New Ballpark May Have Manual Scoreboards After All (for a while)
April 1, 2008 10:07 AM
I promise that I'm going to get to the new Nationals ballpark later today. But this little tidbit can't wait.
What started out as a small design and construction problem is quickly turning into a major issue. I've been hearing rumblings for a month or so, but couldn't confirm it until today (EDIT: April the First -- nudge, nudge).
According to the design documents I saw last summer, all of the video cabling for the new park, some of which is already buried in multiple layers of concrete, was designed and is being installed specifically to meet HD-DVD standards. This wouldn't be a problem but for the fact that Toshiba pulled the plug on HD-DVD back in February. As you probably know, Blu-Ray won out in the standards war, and HD-DVD has all but disappeared from the marketplace.
This means that a gigantic investment has been rendered nearly -- but not completely -- unusable. I've been trying to get Dave St. Peter to talk about this but without success so far. Dan Kenney, over at the Ballpark Authority, hasn't actually confirmed it, but when I asked, he would only say (repeatedly) that the Twins have agreed to pay for all cost overruns. I suspect that something like this would have to be considered a cost overrun, right?
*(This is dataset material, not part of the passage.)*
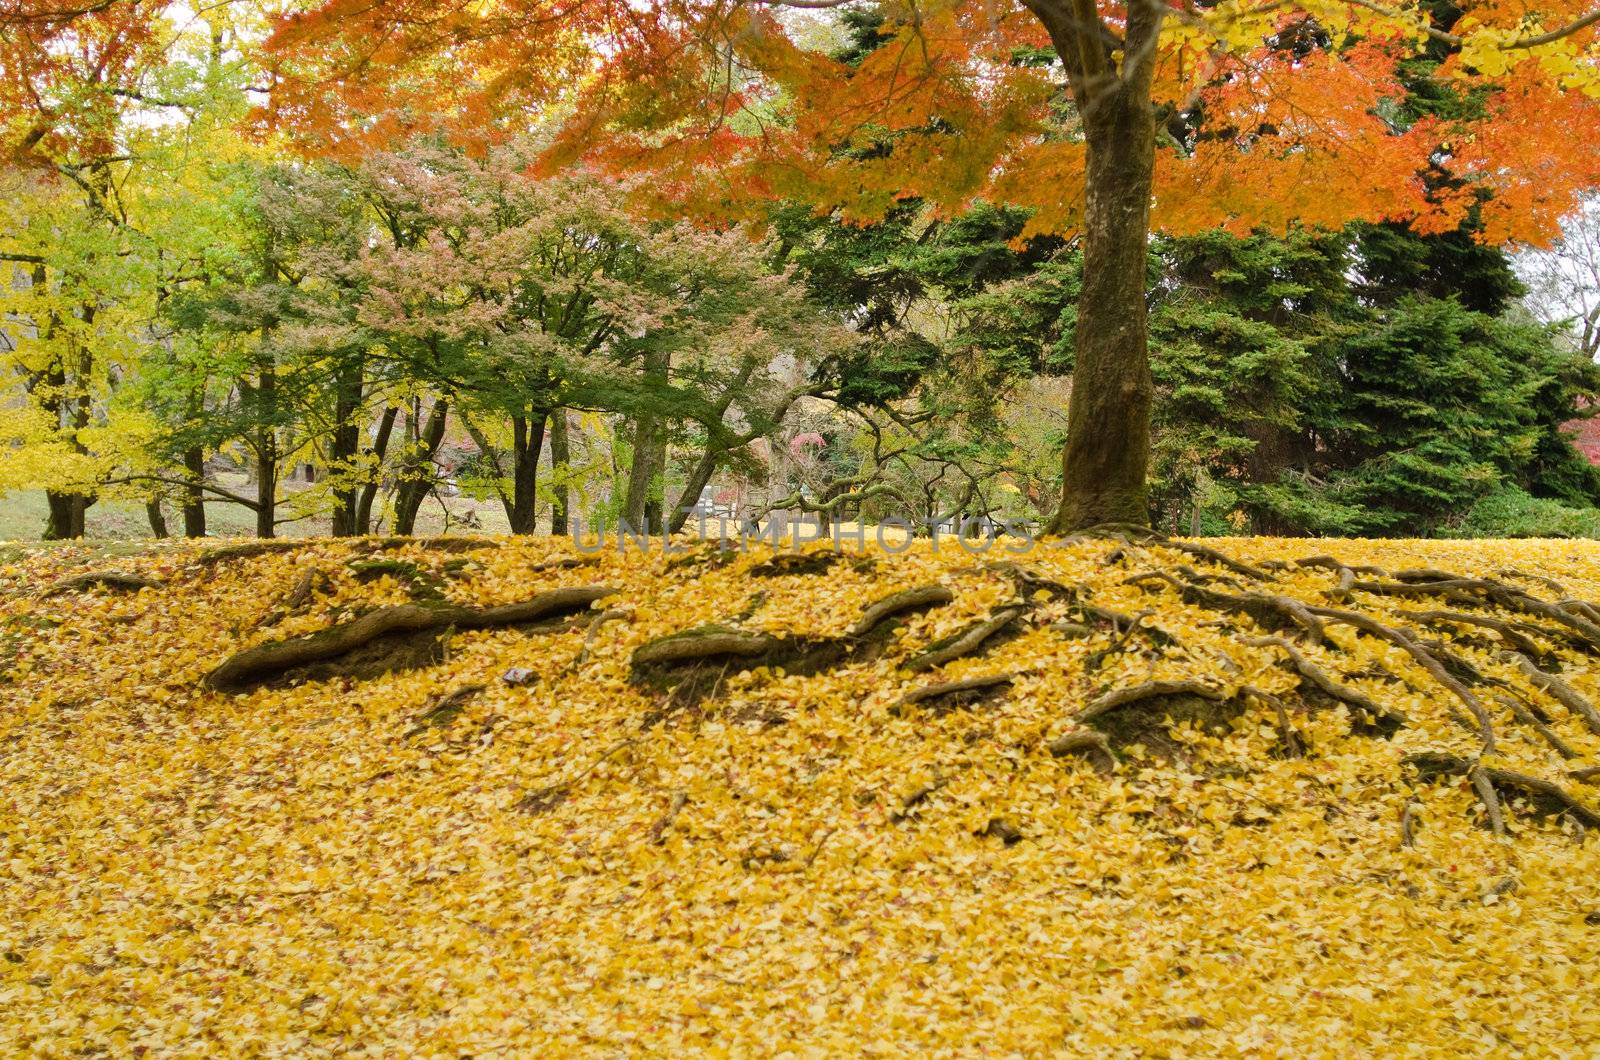 Japanese maple tree in autumn with yellow ginkgo leaves on forest floor

Looking into the technology, it appears that unless the cabling can be upgraded in place (a very difficult proposition), the new scoreboards will be limited to 1080I resolution instead of the higher 1080P resolution which had been always intended. From a distance, you might not notice anything at first, but it's really a pretty major downgrade -- considering what they're spending on the various hi-def boards.
The preferred solution is to remove the incompatible cabling and replace it entirely. But this could cost hundreds of thousands of dollars, up to six months of retro-fitting, and possibly (though not likely) even jeopardize the April 2010 opening. I did hear that two hand-operated manual scoreboards have been designed and will be built in the summer of 2009 if it looks like the hi-def won't be ready to go for the first few months of the 2010 season. That way they can at least open the park, and maybe even have a little fun with it. (Though I bet the whole mess could get pretty embarrassing...)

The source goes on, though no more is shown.